Question

Prove that $\sin \left( 90+\theta \right)=\cos \theta $ ?

Answer 1

Hint: We start off with the trigonometric formula $\sin \left( A+B \right)=\sin A\cos B+\cos A\sin B$ . In this formula, we put the value of A as ${{90}^{\circ }}$ and that of B as $\theta $ . The equation becomes $\Rightarrow \sin \left( {{90}^{\circ }}+\theta \right)=\sin {{90}^{\circ }}\cos \theta +\cos {{90}^{\circ }}\sin \theta $ . Putting the values of $\sin {{90}^{\circ }}$ and $\cos {{90}^{\circ }}$ as $1$ and $0$ respectively, we get the required identity.

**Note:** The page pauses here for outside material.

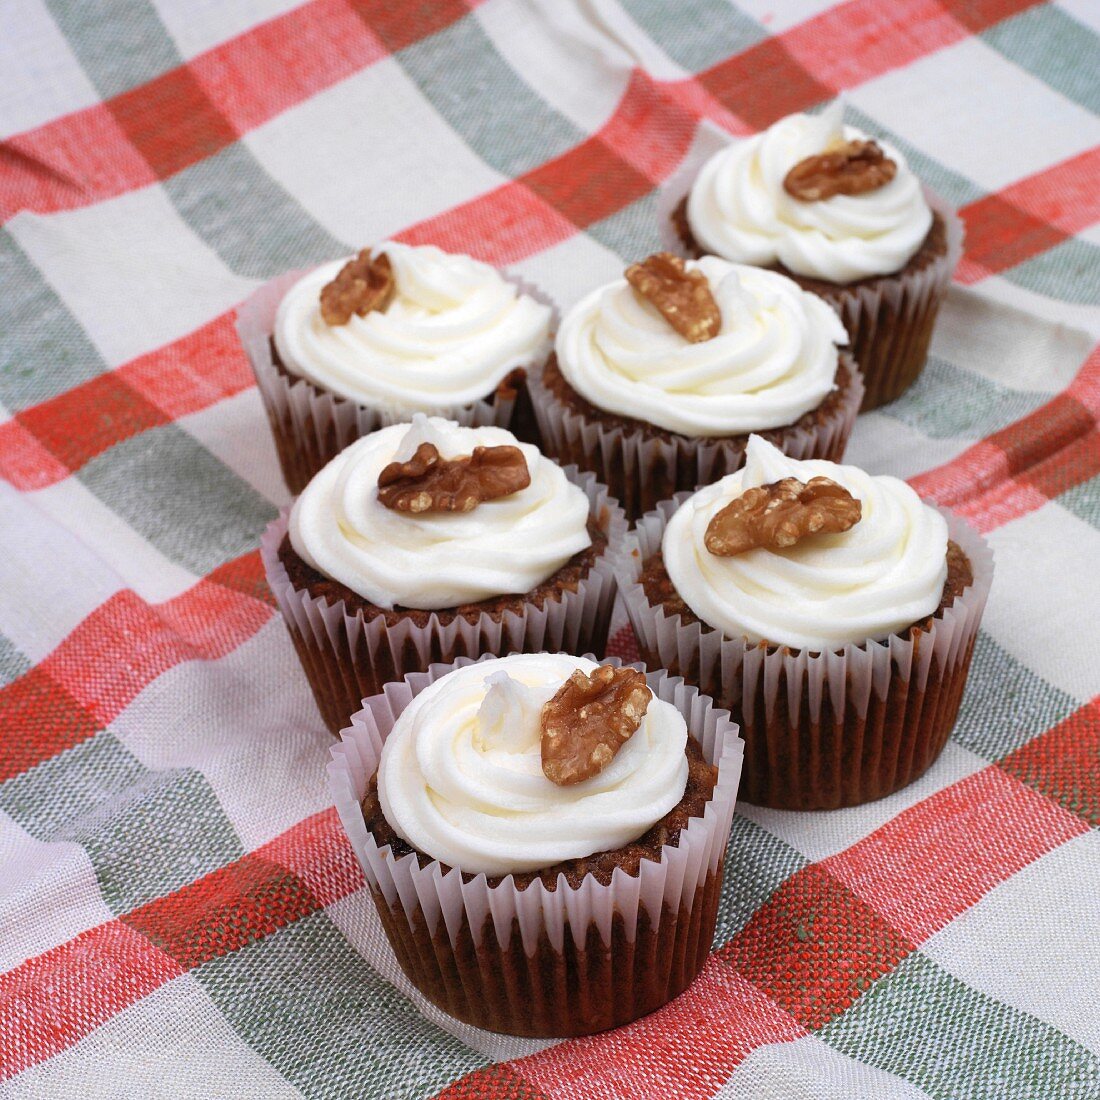 Cupcakes topped with icing and walnuts

Complete step by step answer:
Trigonometry is a branch of mathematics that studies relationships between side lengths and angles of triangles. Trigonometry is known for its many identities. These trigonometric identities are commonly used for rewriting trigonometric expressions with the aim to simplify an expression, to find a more useful form of n expression, or to solve an equation.
 In this problem, we need to prove a trigonometric identity. The identity is $\sin \left( 90+\theta \right)=\cos \theta $ . In order to prove this, we need the help of some other trigonometric formula. The formula is as follows,
$\sin \left( A+B \right)=\sin A\cos B+\cos A\sin B$
In our problem, the value of A is ${{90}^{\circ }}$ and that of B is $\theta $ . So, replacing A with ${{90}^{\circ }}$ and B with $\theta $ in the above formula, we get,
$\Rightarrow \sin \left( {{90}^{\circ }}+\theta \right)=\sin {{90}^{\circ }}\cos \theta +\cos {{90}^{\circ }}\sin \theta $
Now, we know the value of $\sin {{90}^{\circ }}$ and $\cos {{90}^{\circ }}$ . The values are $1$ and $0$ respectively. So, putting these values in the above equation, we get,
$\Rightarrow \sin \left( {{90}^{\circ }}+\theta \right)=1\left( \cos \theta \right)+0\left( \sin \theta \right)$
Simplifying the above equation, we get,
$\Rightarrow \sin \left( {{90}^{\circ }}+\theta \right)=\cos \theta +0$
The above equation is nothing but,
$\Rightarrow \sin \left( {{90}^{\circ }}+\theta \right)=\cos \theta $
Thus, we can conclude that the trigonometric identity of the given problem has been proved.

Note: We can also solve the problem in another way. We can take the help of graphical method. Now, $\sin \left( {{90}^{\circ }}+\theta \right)$ from the figure means \[\dfrac{A'P'}{OP'}\] which also equals the value $\dfrac{OA}{OP}$ since the triangles $\Delta OAP,\Delta OA'P'$ are congruent. $\dfrac{OA}{OP}$ would mean nothing but $\cos \theta $ . Hence, proved.